Where the request processing time is 0 and the target processing time is -1, indicating the request never made it to the backend, and response was returned immediately.

I tried to play with the backend HTTP keepalive timeout (currently at 75s) and with the ALB idle time (currently at 60s) but nothing seems to change much for this behavior.

If anyone can point me to how to proceed and investigate this, or what the cause can be, I'd appreciate it very much.

vmalloc
  • 820
  • 5
  • 8
  • 1
    *"response was returned immediately."* Check that again. There's a ~1 minute delay between the two timestamps. – Michael - sqlbot Dec 16 '19 at 01:54
  • You are correct. There is a minute's difference - sorry I missed that. However, it seems this corresponds to the ALB's idle timeout. No matter how high I set it - those intermittent 504's follow the same timeout. When I set the idle time to 5 minutes, the difference in the access logs becomes 5 minutes... So it seems the targets aren't reached by the ALB no matter how much time passes... – vmalloc Dec 17 '19 at 06:20

1 Answers1

2

We faced a similar type of issue with EKS and ALB combination. If the target response code says -1, there may be a chance that the request waiting queue is full on the target side. So the ALB will immediately drop the request.

Try to do an ab benchmark by skipping the ALB and directly send the request to the service or the private IP address. Doing this will help you to identify where the problem is.
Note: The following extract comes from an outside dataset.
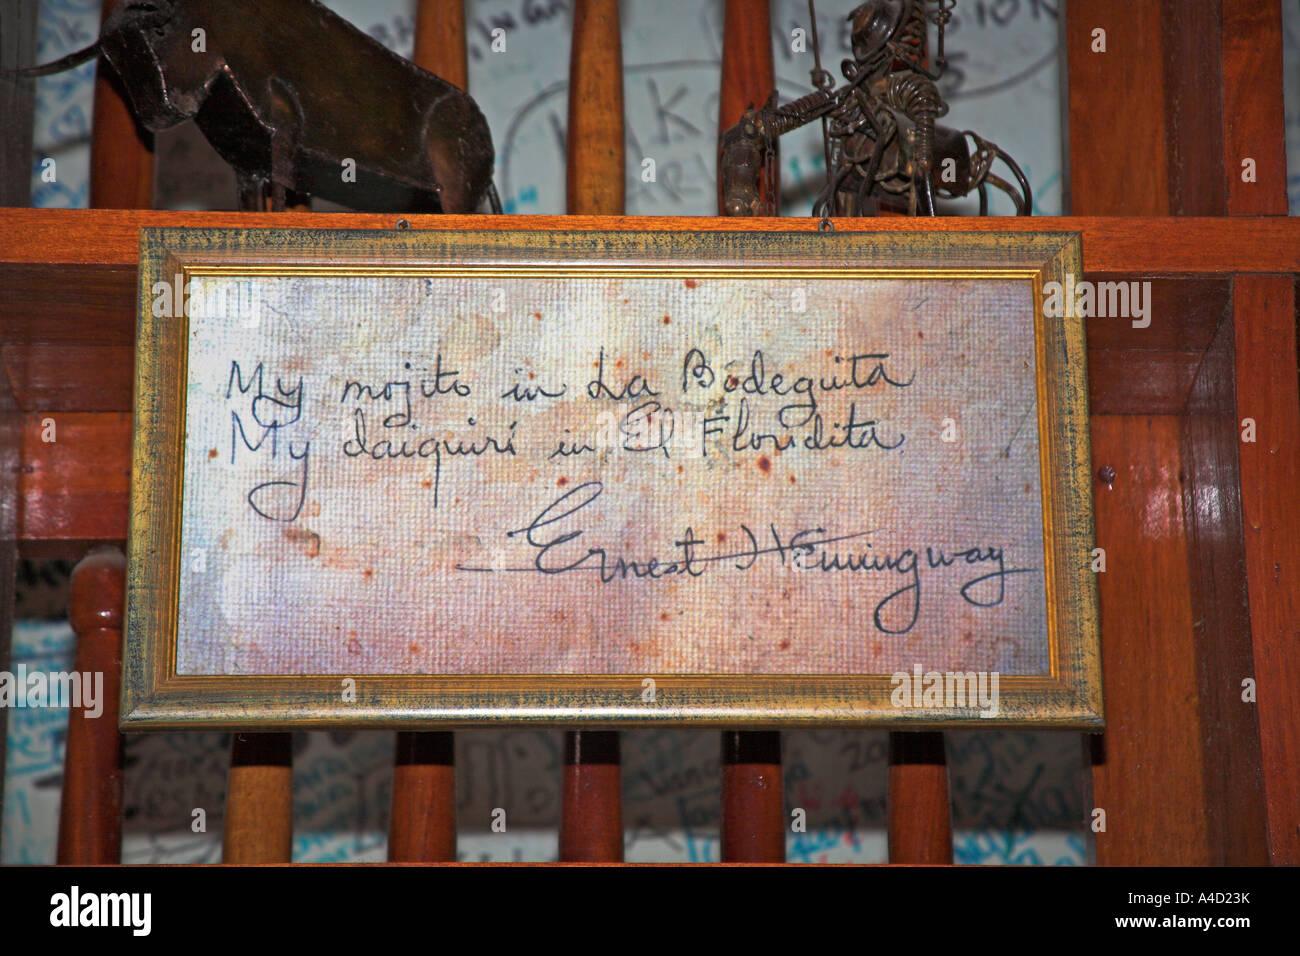 Ernest Hemingway signature in frame, La Bodeguita del Medio, Calle ...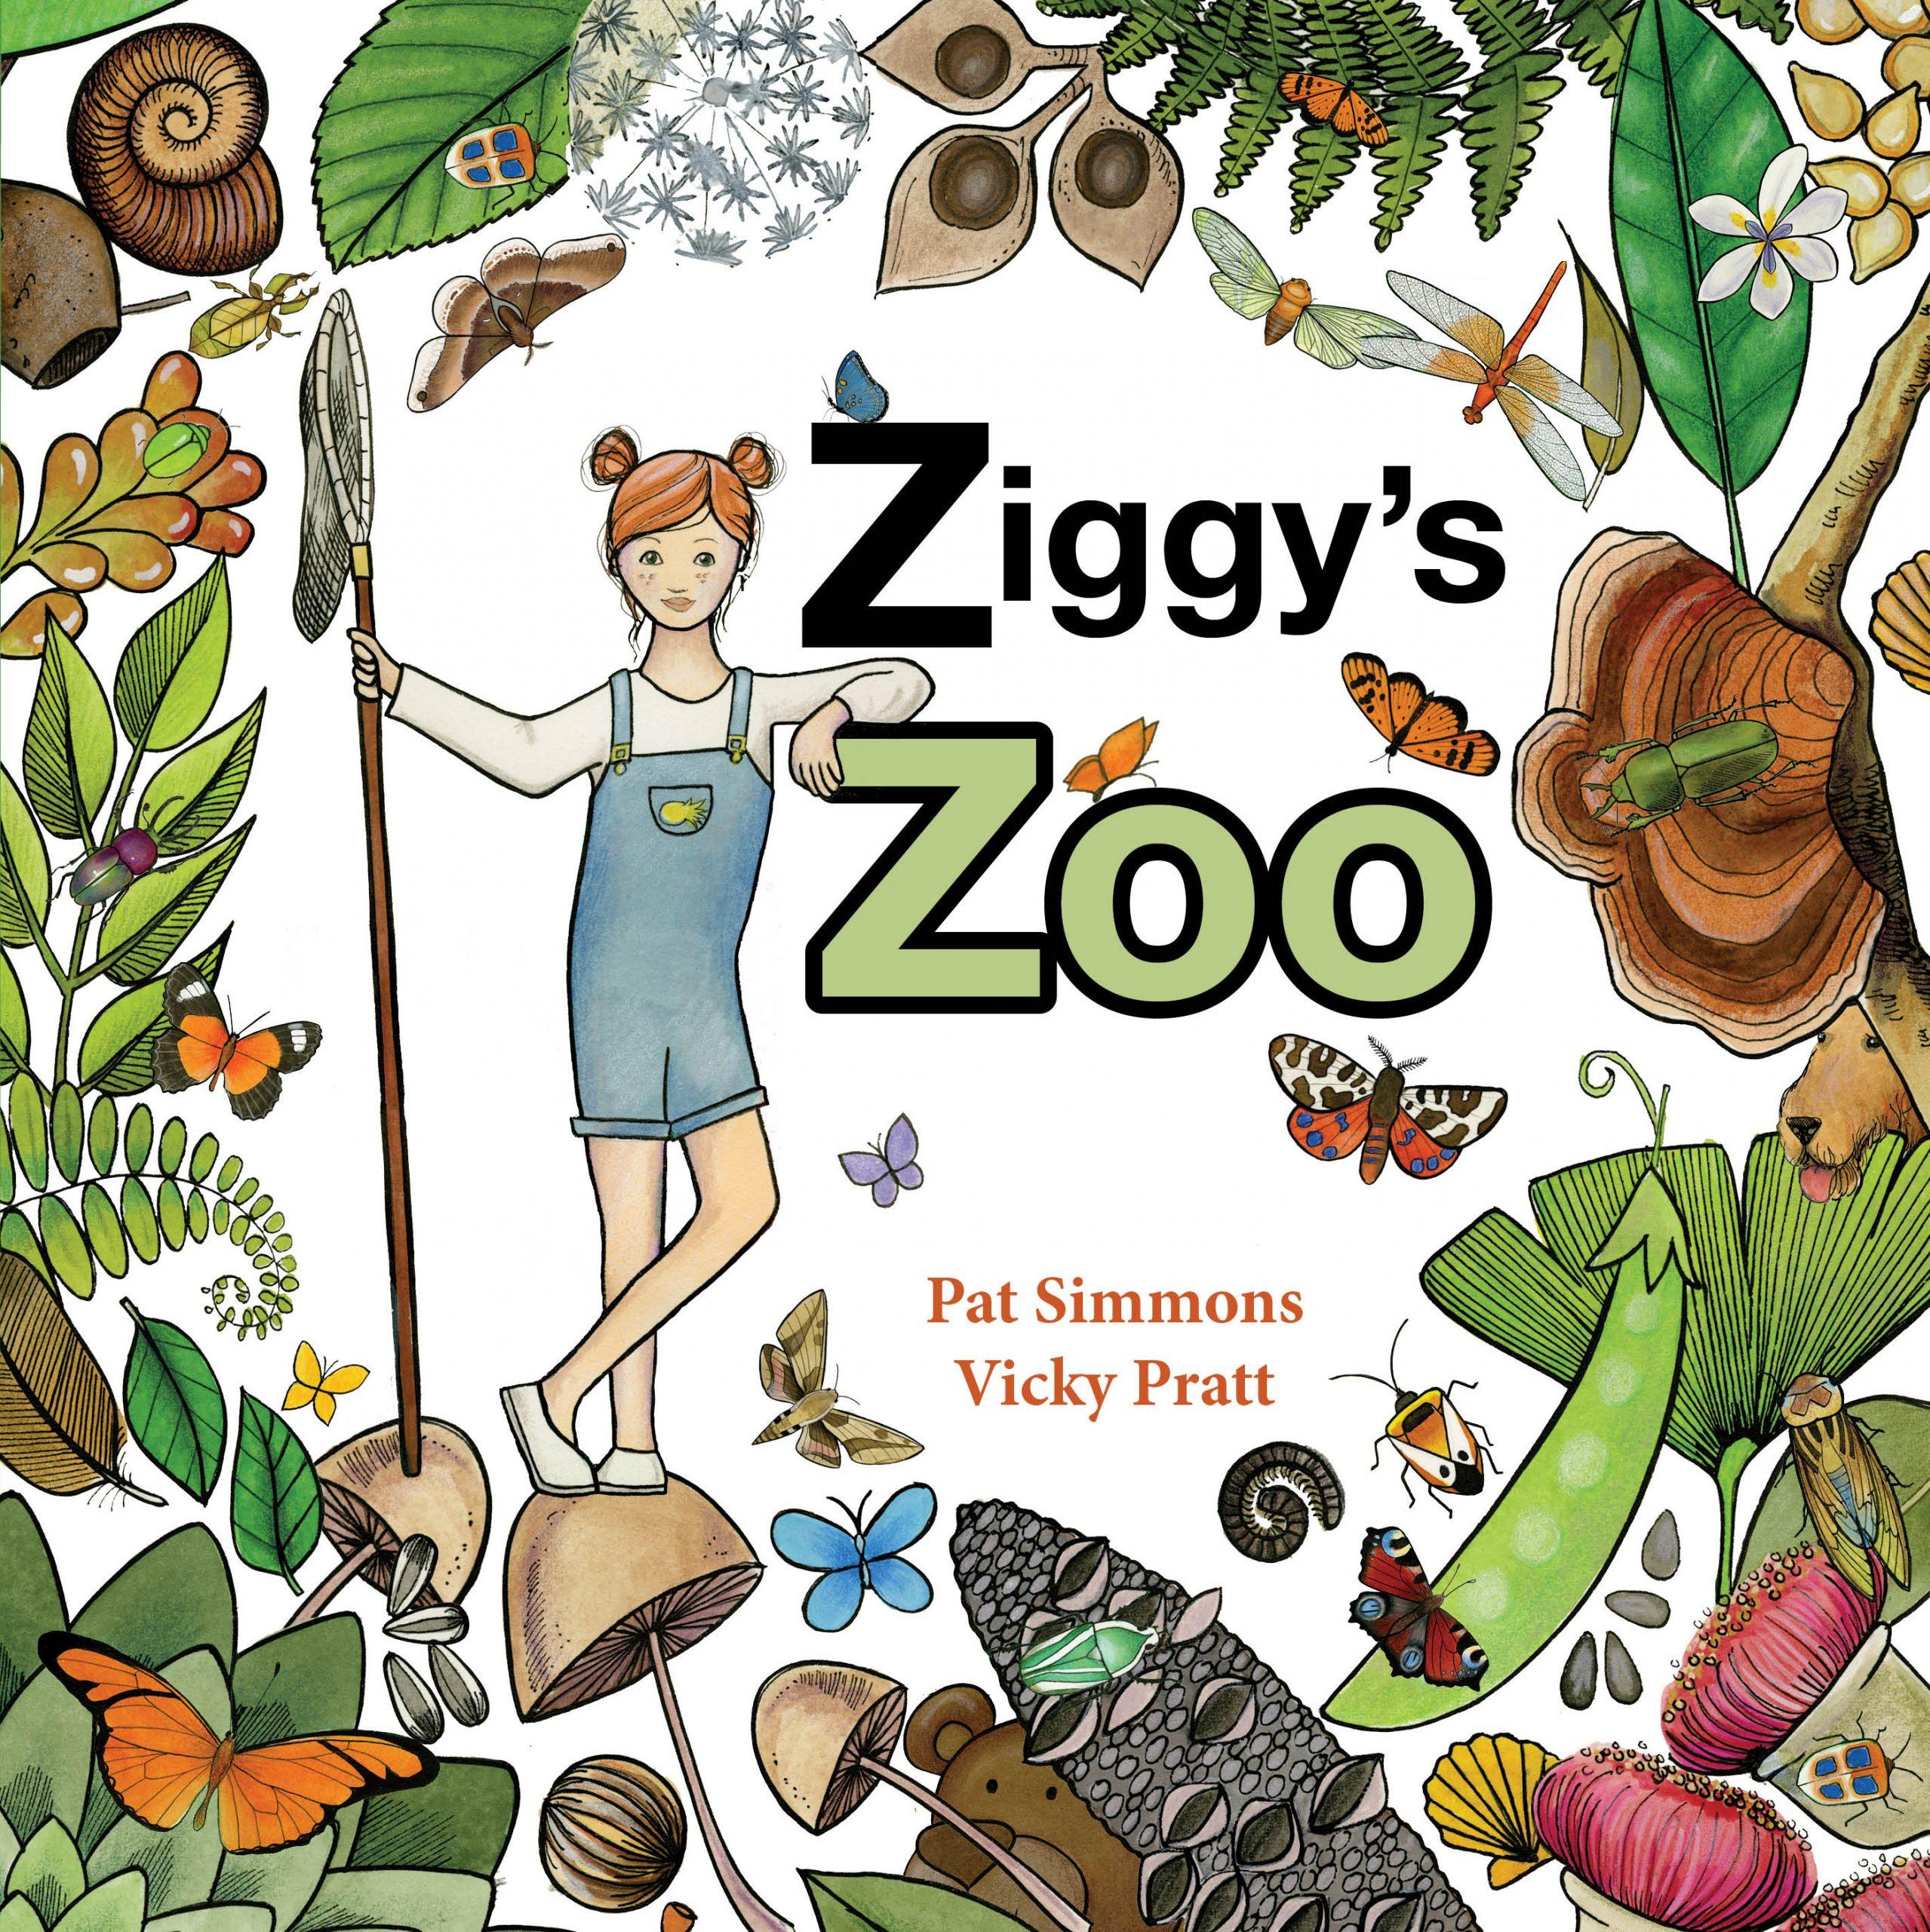 Ziggy's Zoo

For us, 1 out of 10 requests failed if we send traffic via ALB. We are not seeing failures if we directly send the request to the service.

AWS recommendation is to use NLB over the ALB. NLB gives more advantages and suitable for Kubernetes. There is a blog which explains this Using a Network Load Balancer with the NGINX Ingress Controller on Amazon EKS

We changed to NLB and now we are not getting 5XX errors.

Sriram G
  • 369
  • 3
  • 14